ODE will then create a set of compressed files that will contain all the requested products, derived files (if selected), and mini-archive files (if selected).. The compressed files will be placed in a user specific folder on a FTP site at the Geosciences Node. The user will be emailed a notification when the files are available for download. The email will contain the direct FTP address in addition to the login username and password. The time between submitting the request and receiving notification that the files are ready for download varies based on the size of the request, and the number of other user requests in the queue. Small requests can be available within an hour or two, but large requests can take up to 24 hours. An estimate of the time required to fulfill the order is displayed on the Download cart page

In addition to the options listed above, the user can navigate to the Geosciences Node site to download individual files directly from that location http://pds-geosciences.wustl.edu.

The MRO High-Resolution Imaging Science Experiment (HiRISE), Context Imager (CTX), Mars Climate Sounder, and MGS Mars Orbital Camera products are not stored at the PDS Geosciences node, but direct links to product files are available through ODE and these products can be added to ODE's download cart. Users can also acquire these data products directly from their host node websites: HiRISE data is stored at the PDS HiRISE Data Node, CTX and MOC are stored at the PDS Imaging Node, and MCS is stored at the PDS Atmospheres Node.

Why are there differences between HiRISE, CTX, MCS, MOC and the other ODE products? (ODE Mars) ODE provides a method for searching, browsing, and accessing various archives in PDS. Some of the archives cataloged in ODE are stored at other PDS nodes. Specifically, HiRISE data is stored at the PDS HiRISE Data Node, CTX, MOC, and Clementine EDR, UVVIS Basemap Mosaic, UVVIS DIM Mosaic, and HiRes Mosaic data stored at the PDS Imaging Node, and MCS is stored at the PDS Atmospheres Node, and Lunar Prospector MDR (Level 0, GRS/NS/APS/MAG/ER), MAG Processed Time Series (NASA Level 1B), MAG Filtered Time Series (NASA Level 2), MAG Magnetization Maps (NASA Level 3 and 4), ER Processed Time Series (NASA Level 1B), and ER Filtered Time Series (NASA Level 2) data are stored at the PDS PPI Node. With ODE Version 2.2, users can add these products to their download cart and the display of direct links to product files at their host PDS node. ODE's product detail page also provides links to the PDS node that stores the data for product access and download. This allows users to use the best tools for access and downloading the products from the host PDS node. For example, the HiRISE images are often very large and the HiRISE data node provides special web tools for viewing the products on line.

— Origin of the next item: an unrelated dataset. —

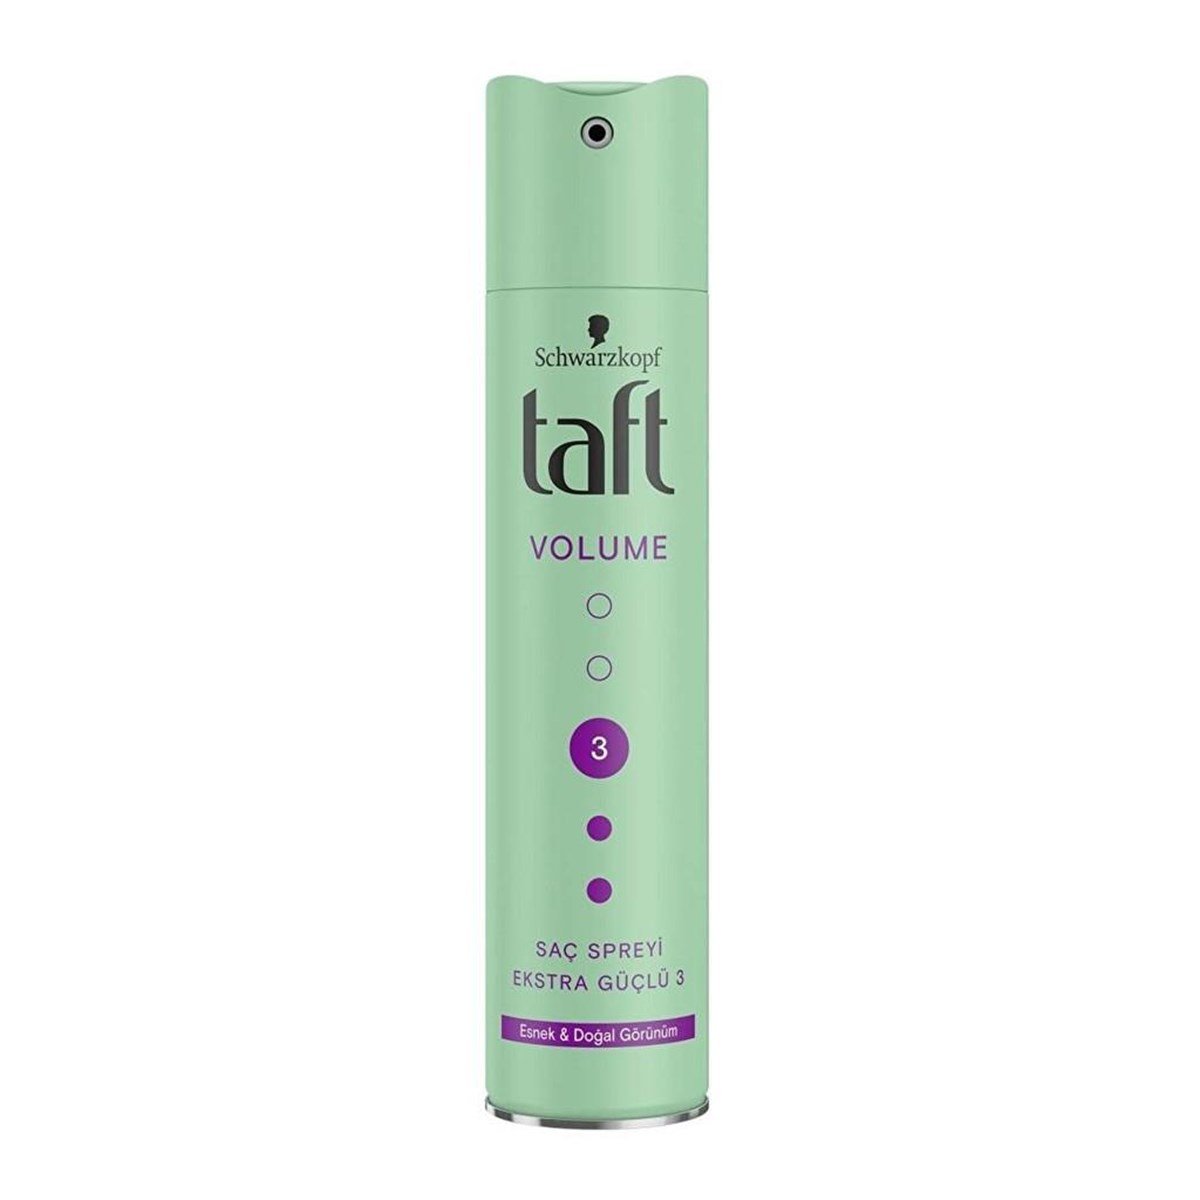 Taft Volume Esnek Doğal Görünüm Ekstra Güçlü 3 Saç Spreyi 250ml | Farma Ucuz

What are Coordinated Observations? (ODE Mars) ODE supports the MRO concept called a "Coordinated Observation", a planned observation involving multiple instruments at a given location and time. The source of these planned observations is the MRO science operations group. ODE tracks these planned coordinated observations and then correlates them to PDS products that resulted from the planned coordinated observation. This allows users to find and view related products from HiRISE, CRISM, and CTX, MCS, and even the Mars Phoenix Lander. Users can access the coordinated observations and their products via the Coordinated Observation page and via the related products tab of the product details page. In the case of Mars Phoenix Lander data, the user is connected to the PDS Geosciences node Phoenix Analyst Notebook.

A warning about coordinated observations: Sometime these planned observations do not take place, or a re delayed, or some instruments do not participate as planned. ODE uses the available information as best it can to locate data products from coordinated observations but the results may be incomplete. The user should also be aware that MRO data products are not archived in PDS until at least six months after they are acquired.